§ **THE DATA**:
┌──

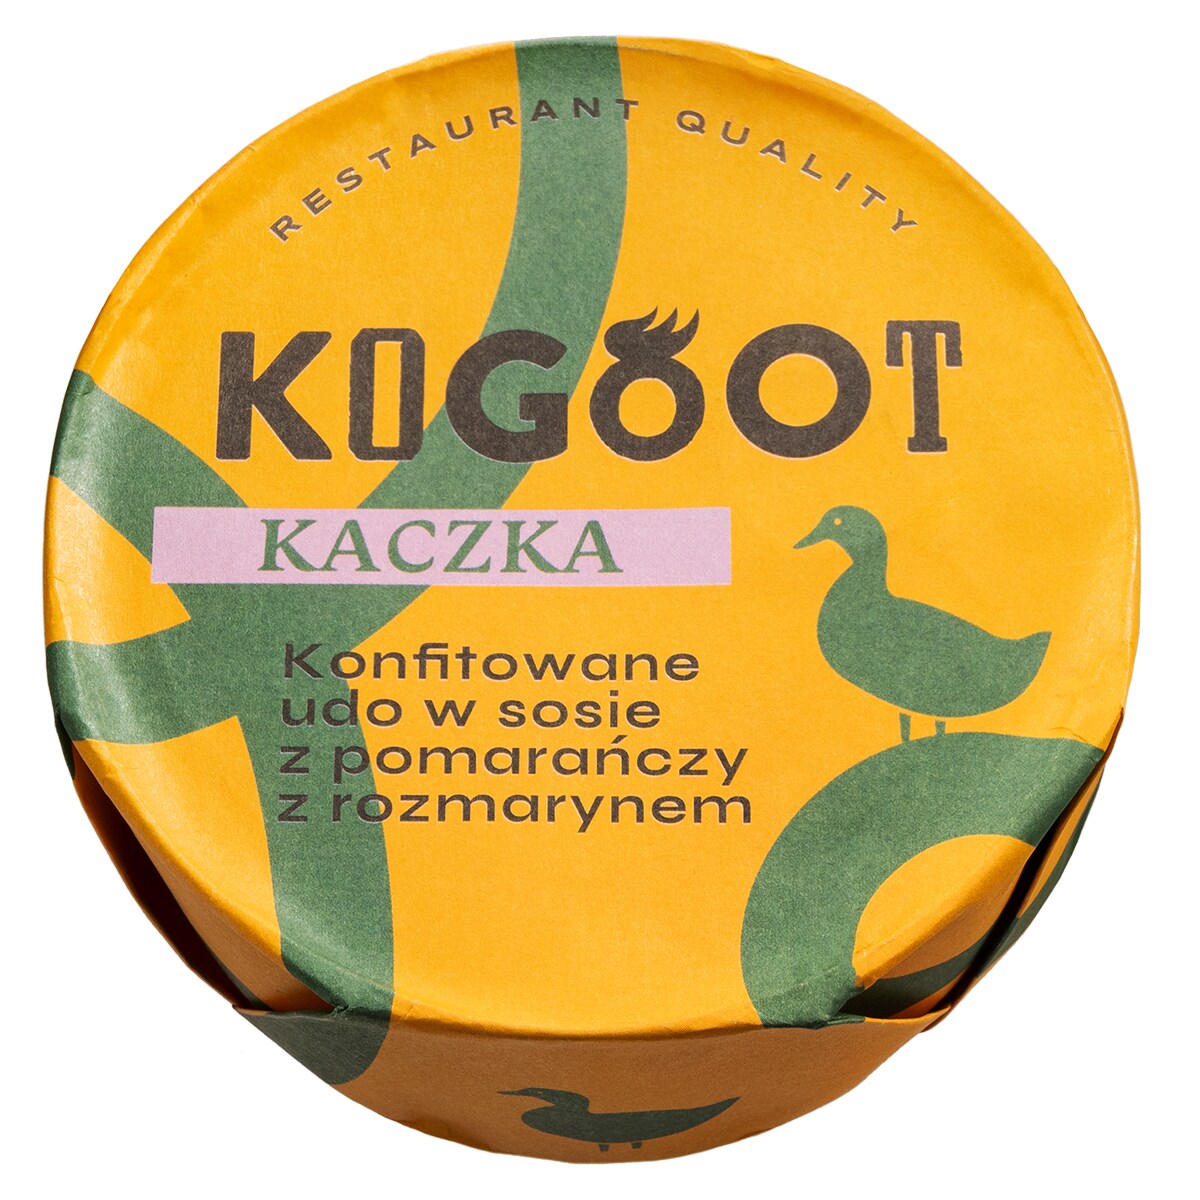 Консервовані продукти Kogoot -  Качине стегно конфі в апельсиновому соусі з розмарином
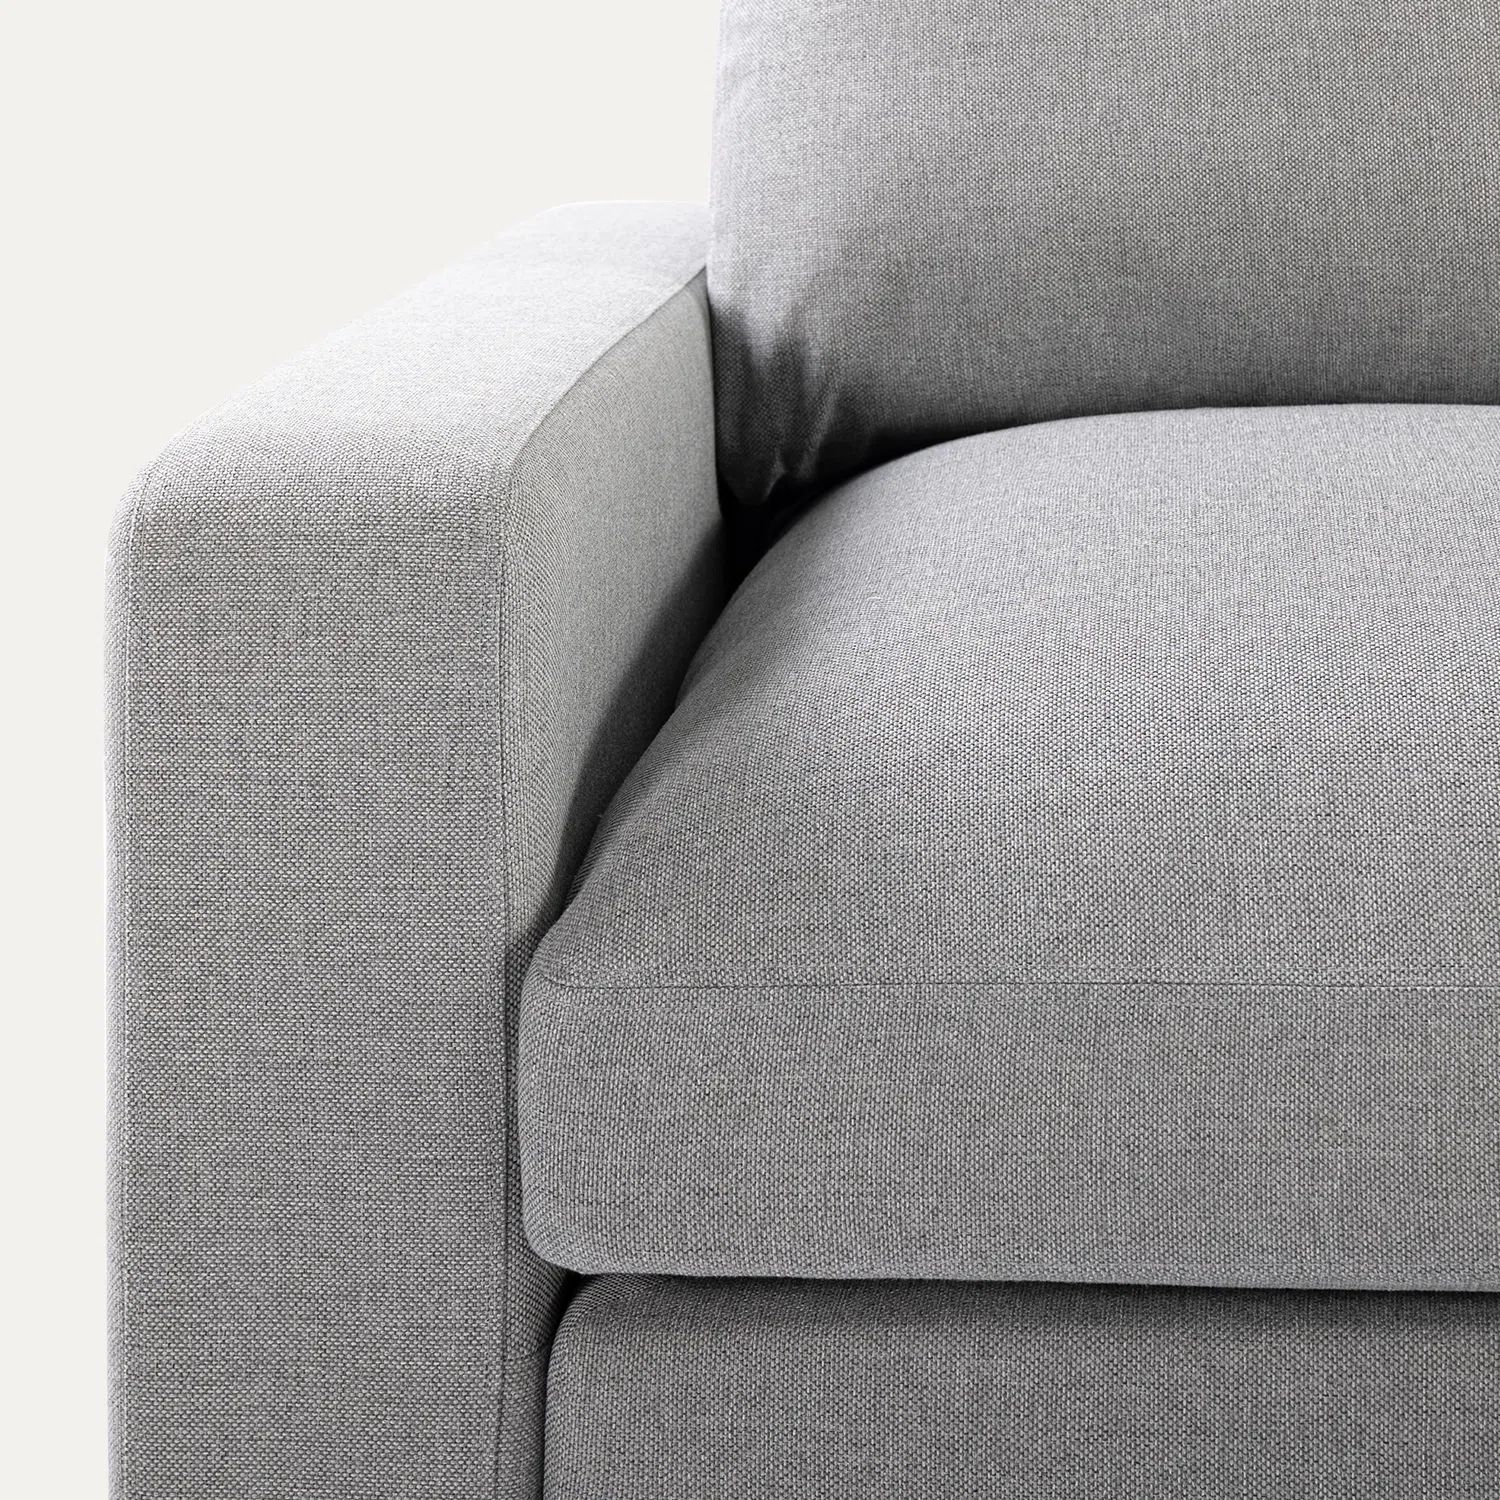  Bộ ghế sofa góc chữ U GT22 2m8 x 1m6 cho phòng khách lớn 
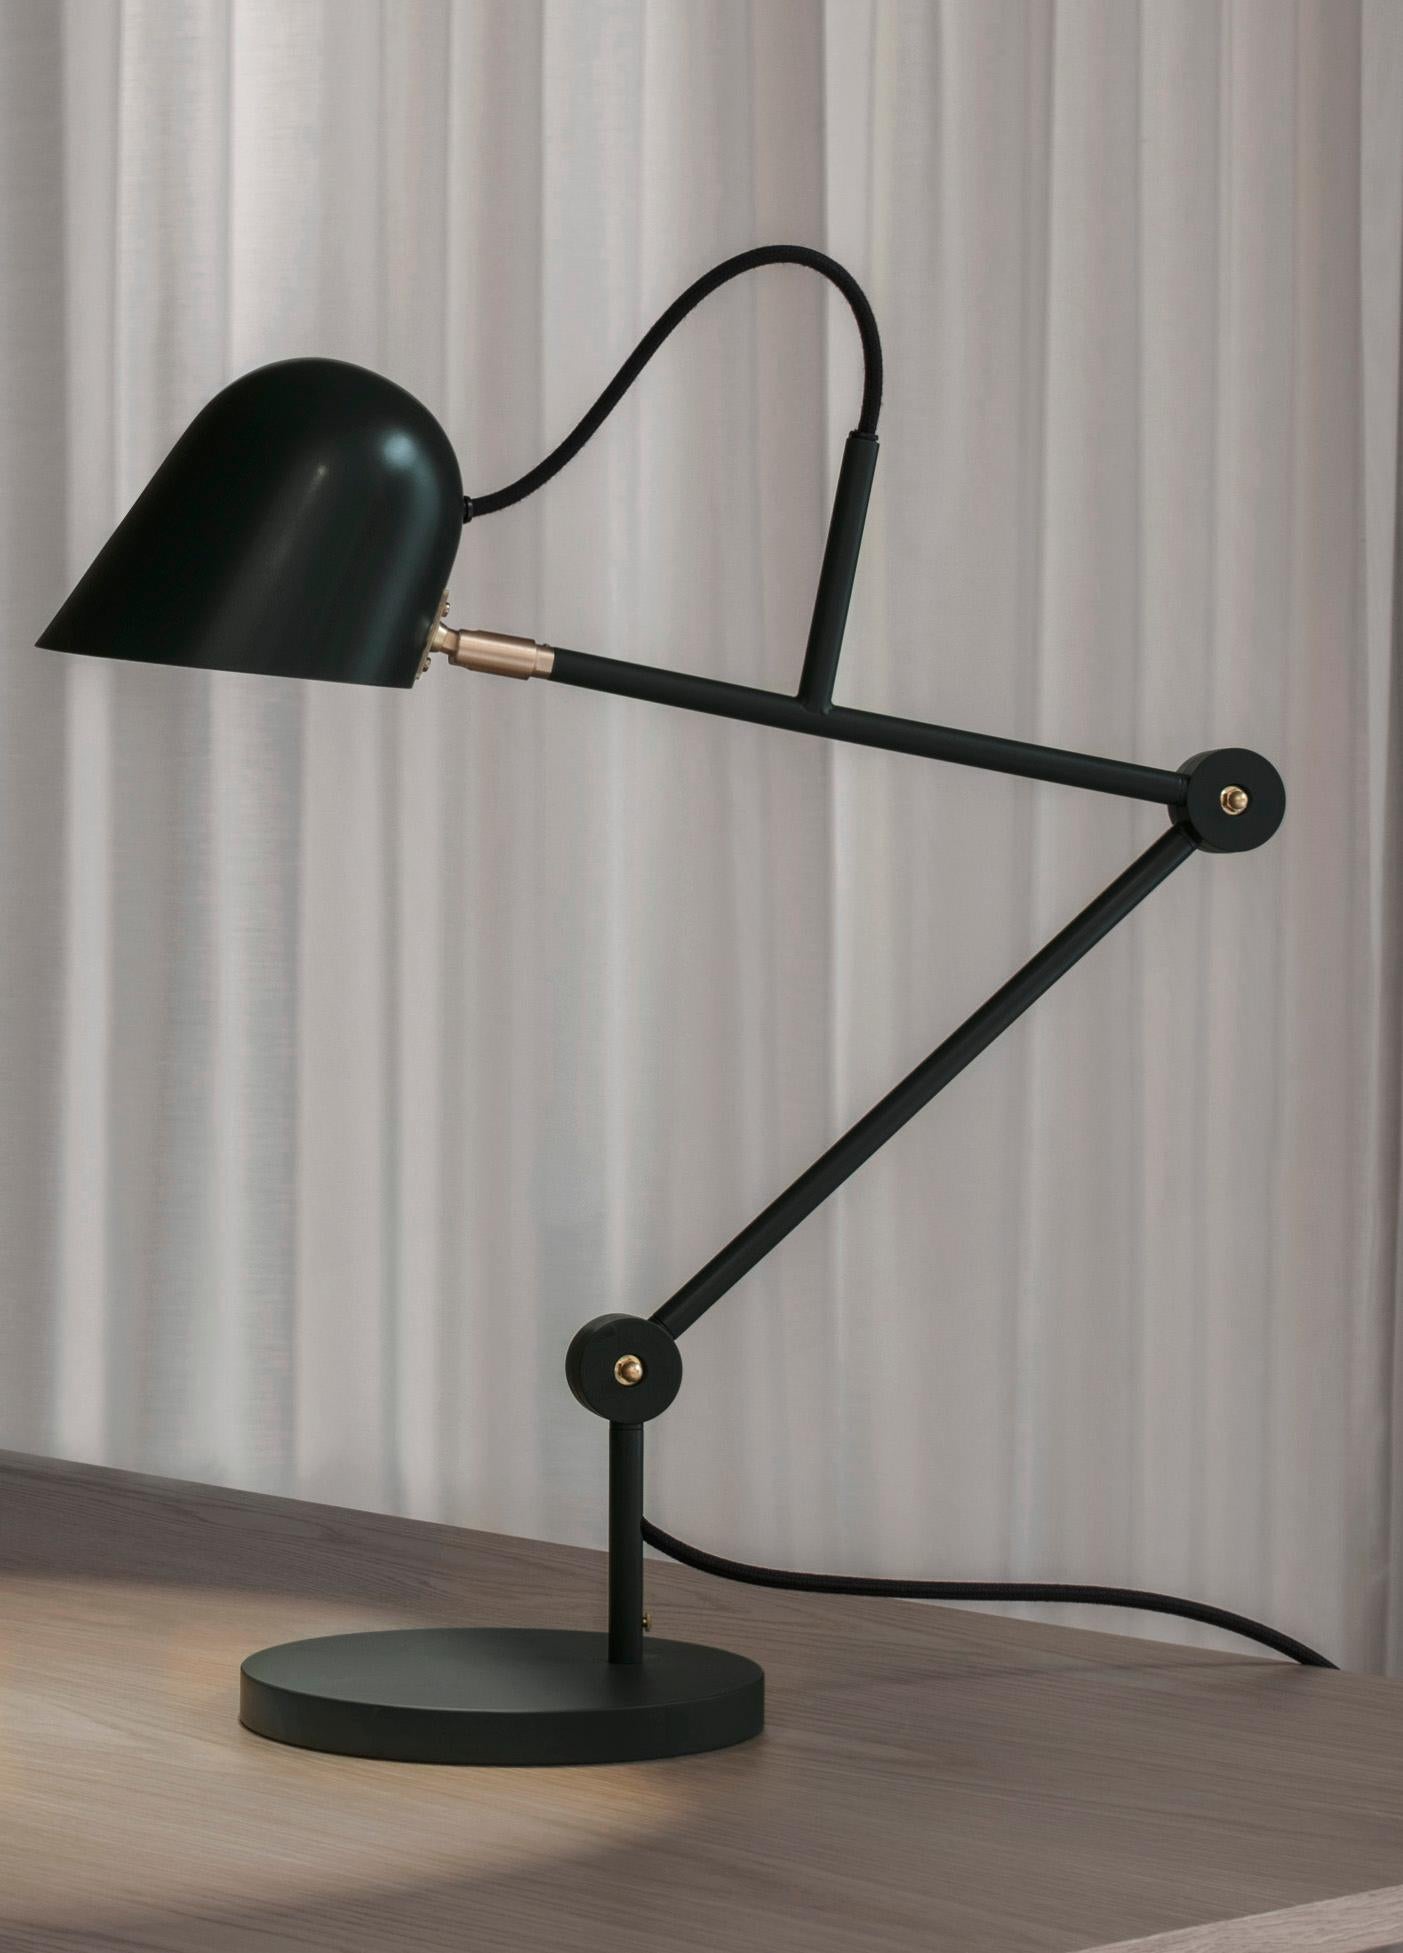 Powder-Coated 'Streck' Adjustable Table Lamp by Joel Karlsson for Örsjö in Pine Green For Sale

└──

§ **PROBLEM TO WORK ON**: An exact copy of the whole listing is required, minus the pictures.

§ **EXERCISE ANSWER**:
 Консервовані продукти Kogoot -  Качине стегно конфі в апельсиновому соусі з розмарином
  Bộ ghế sofa góc chữ U GT22 2m8 x 1m6 cho phòng khách lớn 
 Powder-Coated 'Streck' Adjustable Table Lamp by Joel Karlsson for Örsjö in Pine Green For Sale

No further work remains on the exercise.